Online annual information security awareness will be done in addition to awareness session for new joiners during onboarding and induction by respective HR
The company shall ensure that the employees and contractors in the scope of ISMS have appropriate skills and competence to do so and maintain the records of the same .
4.5 Monitoring, Measurement, Analysis and Evaluation
In addition to maintaining the information security management system, it is imperative to monitor and measure its ongoing efforts and results as well. There will be a detailed documented process to identify metrics for specific controls implemented in the company and which will also identify techniques for implementing and reviewing measurements of the identified metrics. The inputs and outputs to the measurements will be reviewed on a regular basis.
4.6 Continual improvement
A SUZUVERSE’s policy about continual improvement is to:
- Continually improve the effectiveness of the ISMS
- Enhance current processes to bring them into line with good practice as defined by ISO/IEC 27001 and related standards
- Achieve ISO/IEC 27001 certification and maintain it on an on-going basis
- Increase the level of proactivity about information security
- Make information security processes and controls more measurable to provide a sound basis for informed decisions
- Review relevant metrics periodically to assess whether it is appropriate to change them, based on collected historical data
- Review ideas for improvement at regular management meetings to prioritize and assess timescales and benefits
4.7 Compliance with legal and contractual requirements
The law of Japan shall be the governing law for the interpretation of these Terms. In addition, regarding this service, the application of the United Nations Convention on Contracts for the International Sale of Goods shall be excluded. In the event of a dispute regarding this service, the court having jurisdiction over the location of our head office shall be the exclusive jurisdictional court.

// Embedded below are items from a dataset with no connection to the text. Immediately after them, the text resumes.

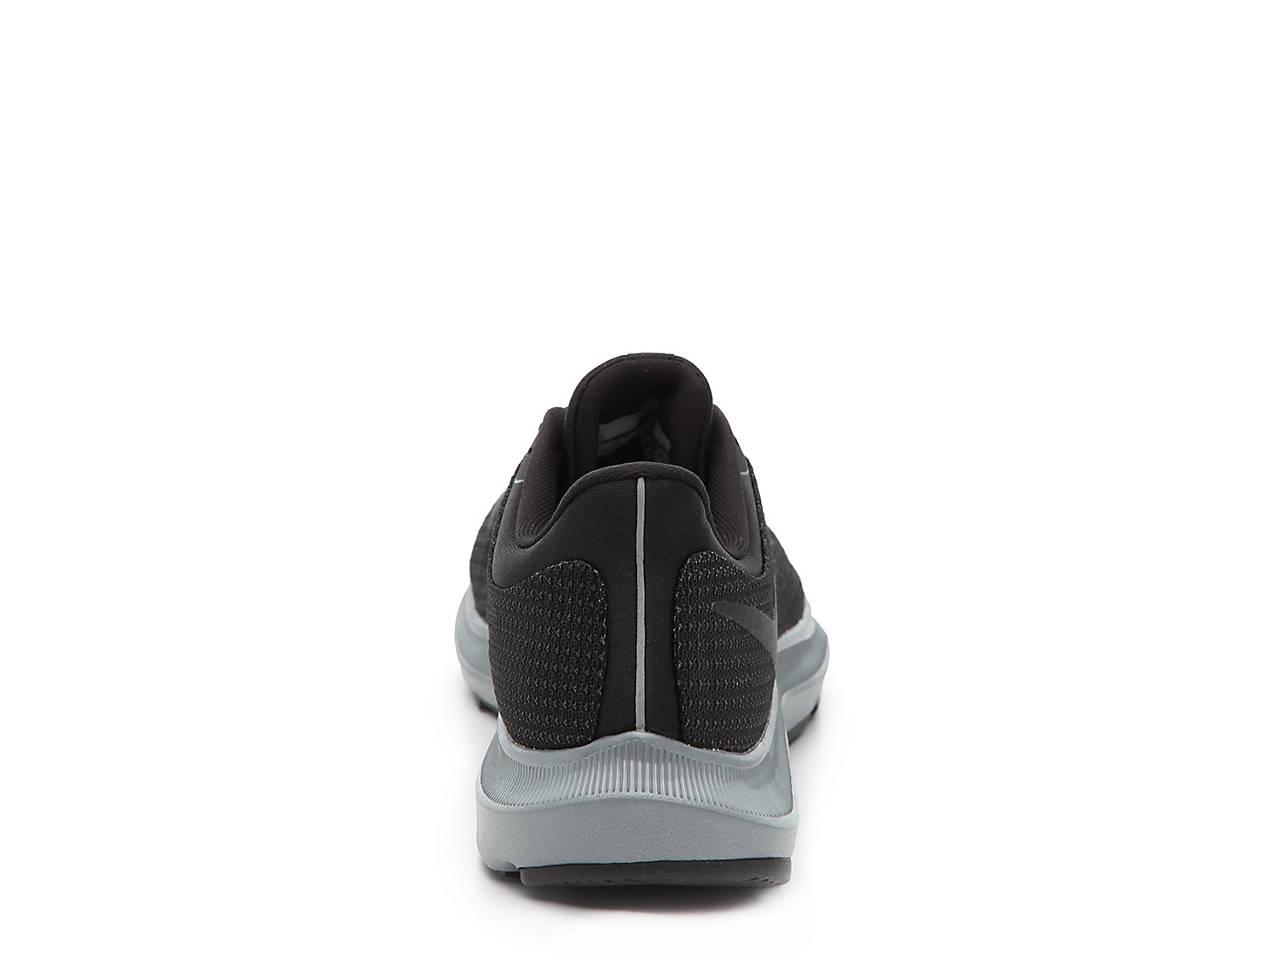 7a0d8bb1ff0a Nike Quest Lightweight Running Shoe - Women s Women s Shoes
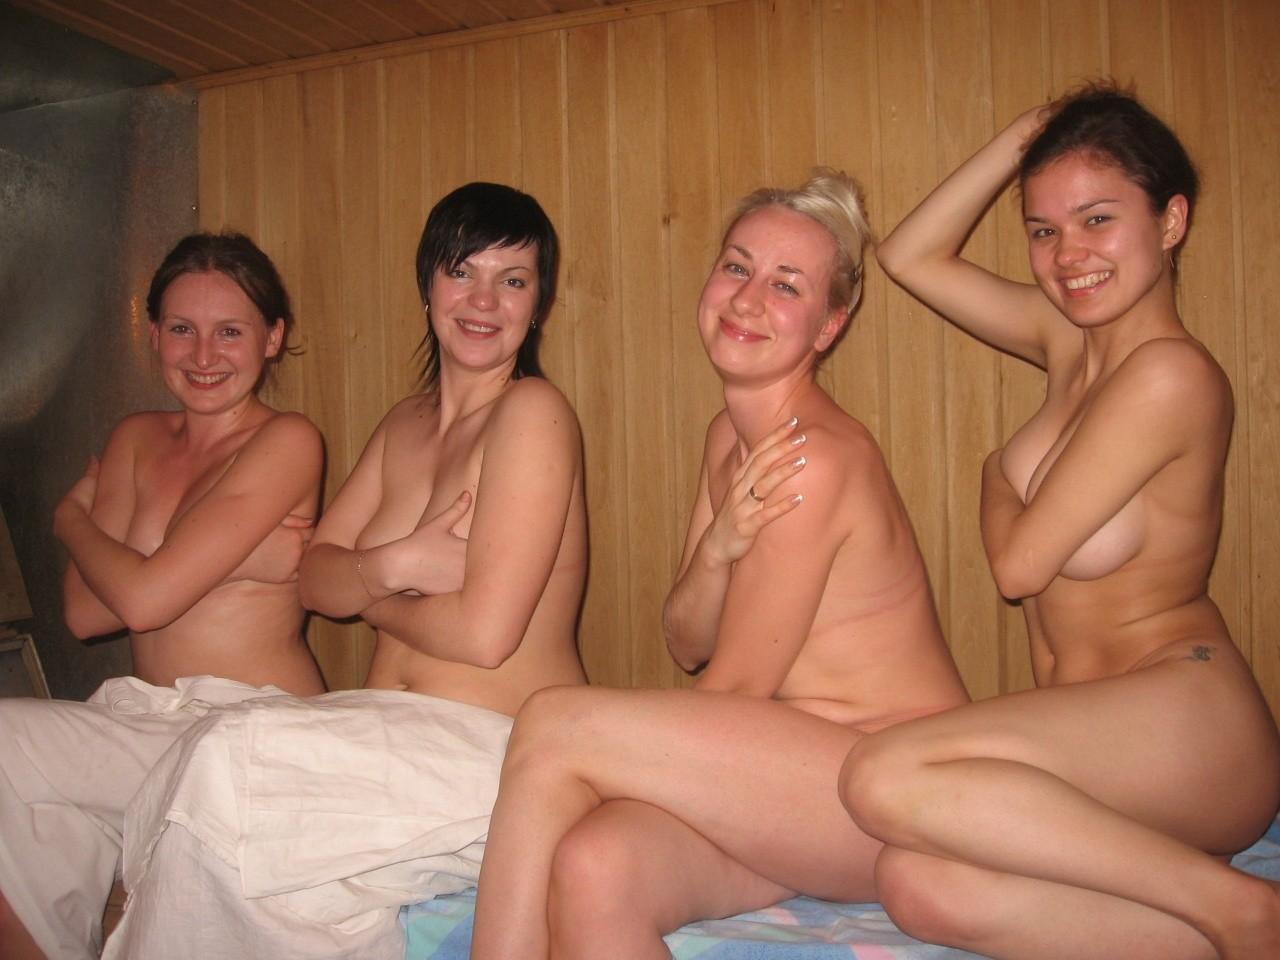 Смотреть русское порно онлайн в ресторане 22 фотография
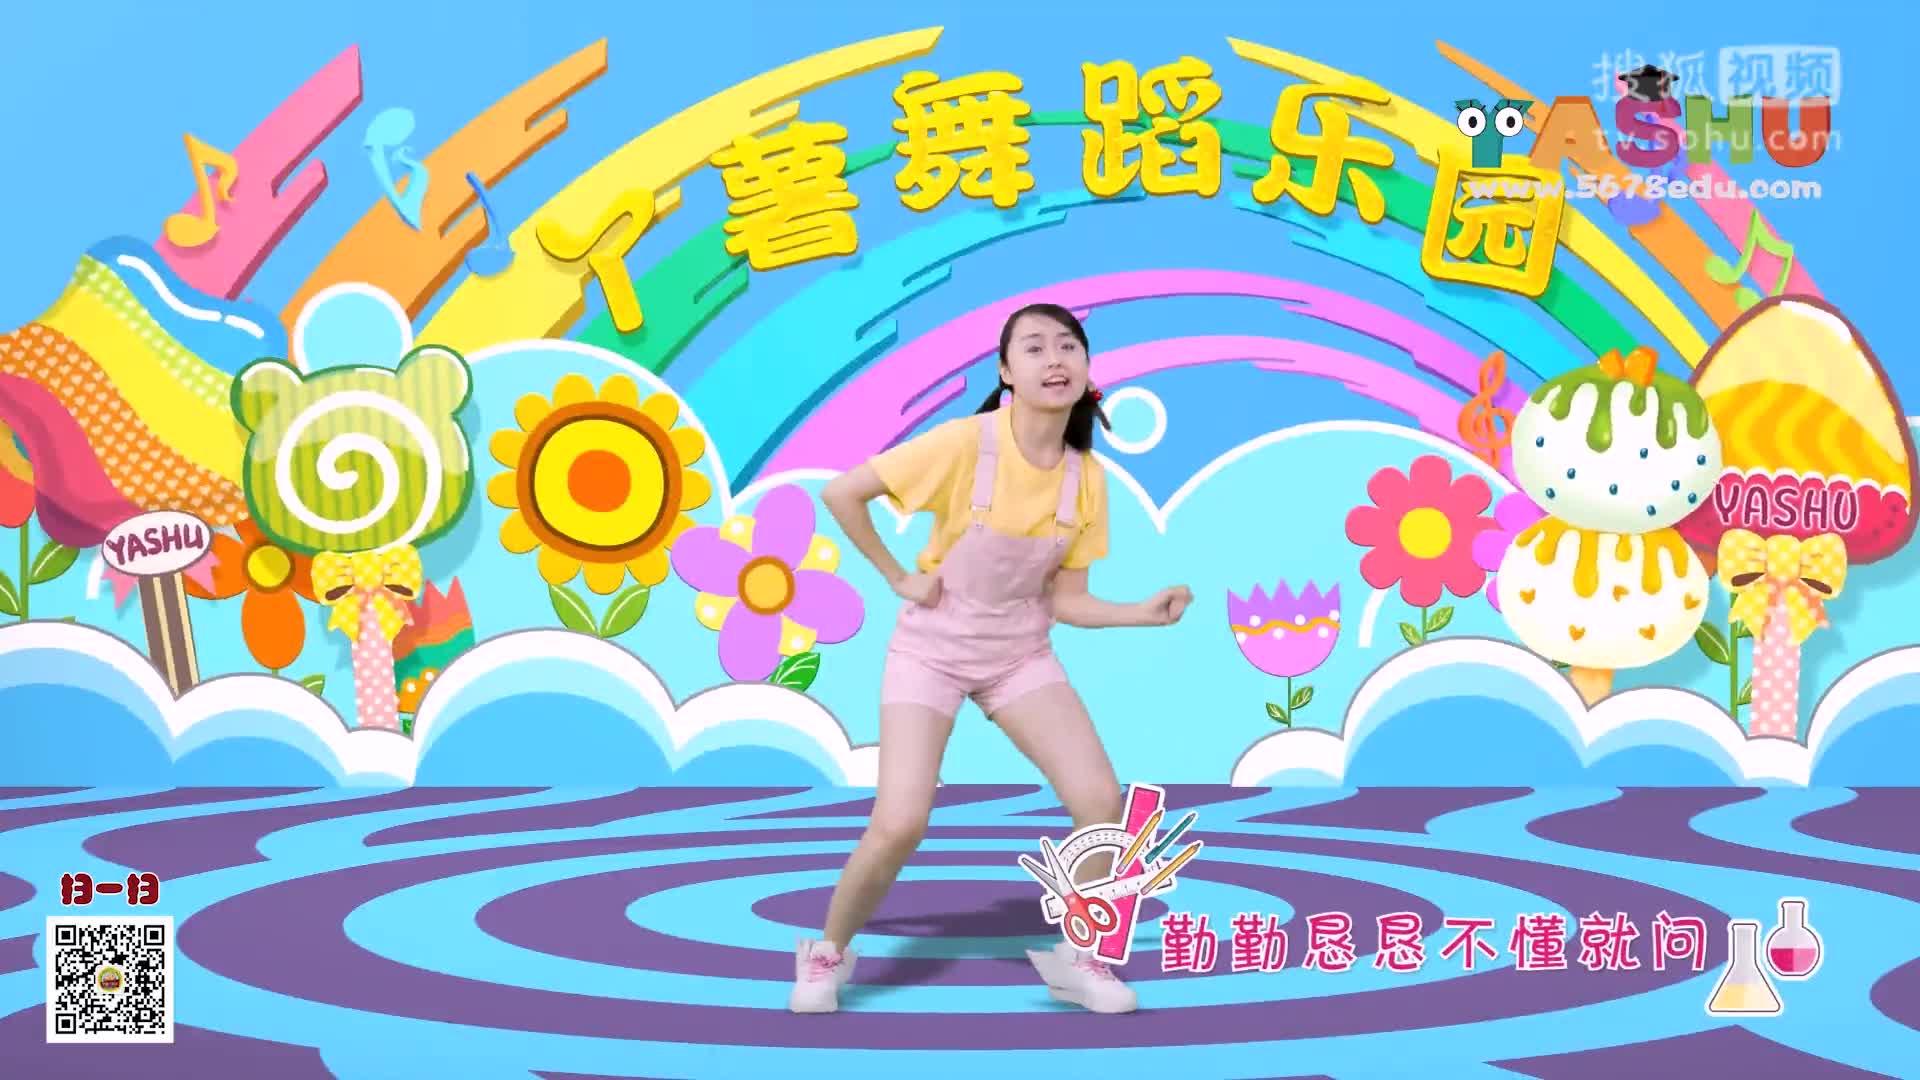 《上课啦》幼儿舞蹈少儿歌曲幼儿园律动六一儿童节

The Corporate Information Security Policy, as well as the other security policies must be periodically reviewed. This review will happen under the following circumstances:
- Once every 12 months
- If there is a significant change in the technologies in use by the company
- If there is a significant change in the external threat environment, which mandates a review of the risk profile
- If there is a significant change in client requirements/guidelines for information security
- The Information Policy will be disseminated to all the employees and contractors using email.

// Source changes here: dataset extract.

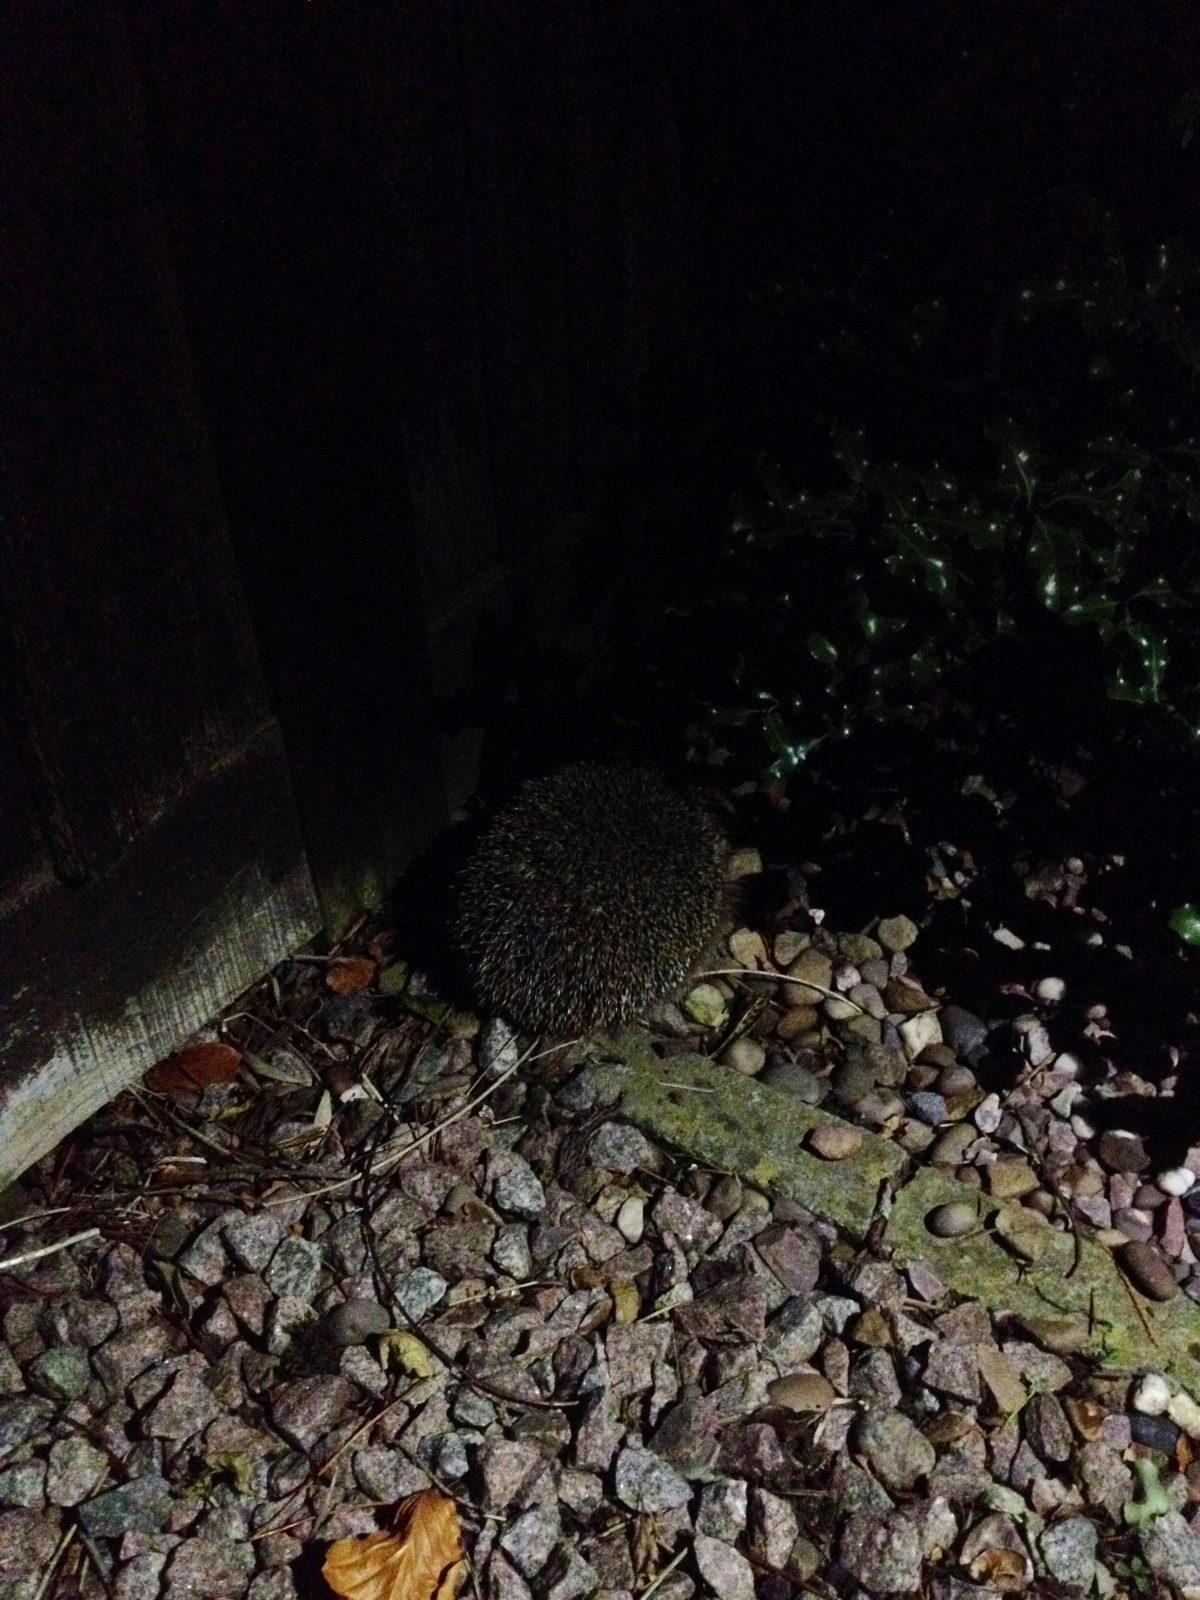 Morris the hedgehog

- All communication related with stakeholder’s media and financial markets will be done by the executive team only on a need basis over press events, conferences, emails. No employees of the organization until authorized by Mr. Jack can connect with media or financial markets
- All employees in their daily work, should operate as representatives and ambassadors of the company and are authorized to speak with clients in alignment with their project and KRA. Inside information shall be kept confidential
- Information on SUZUVERSE website shall be uploaded post approval of Mr.Jack in line with executive committee agreement
- Communication with internal and external stakeholders must be inline with organization stance and strategy and will be done on situation basis Mr.Jack are authorized to communication with external stakeholders in line with contractual requirement
- When speaking at conferences, the presentations should be checked with Mr.Jack.
Necessary disciplinary action will be taken against any employee not following the policies and procedures laid down by the company. Similarly, action will be taken against those employees encouraging/observing such an activity and not reporting the same to the concerned authority. Any employee found to have violated this policy may be subject to disciplinary action.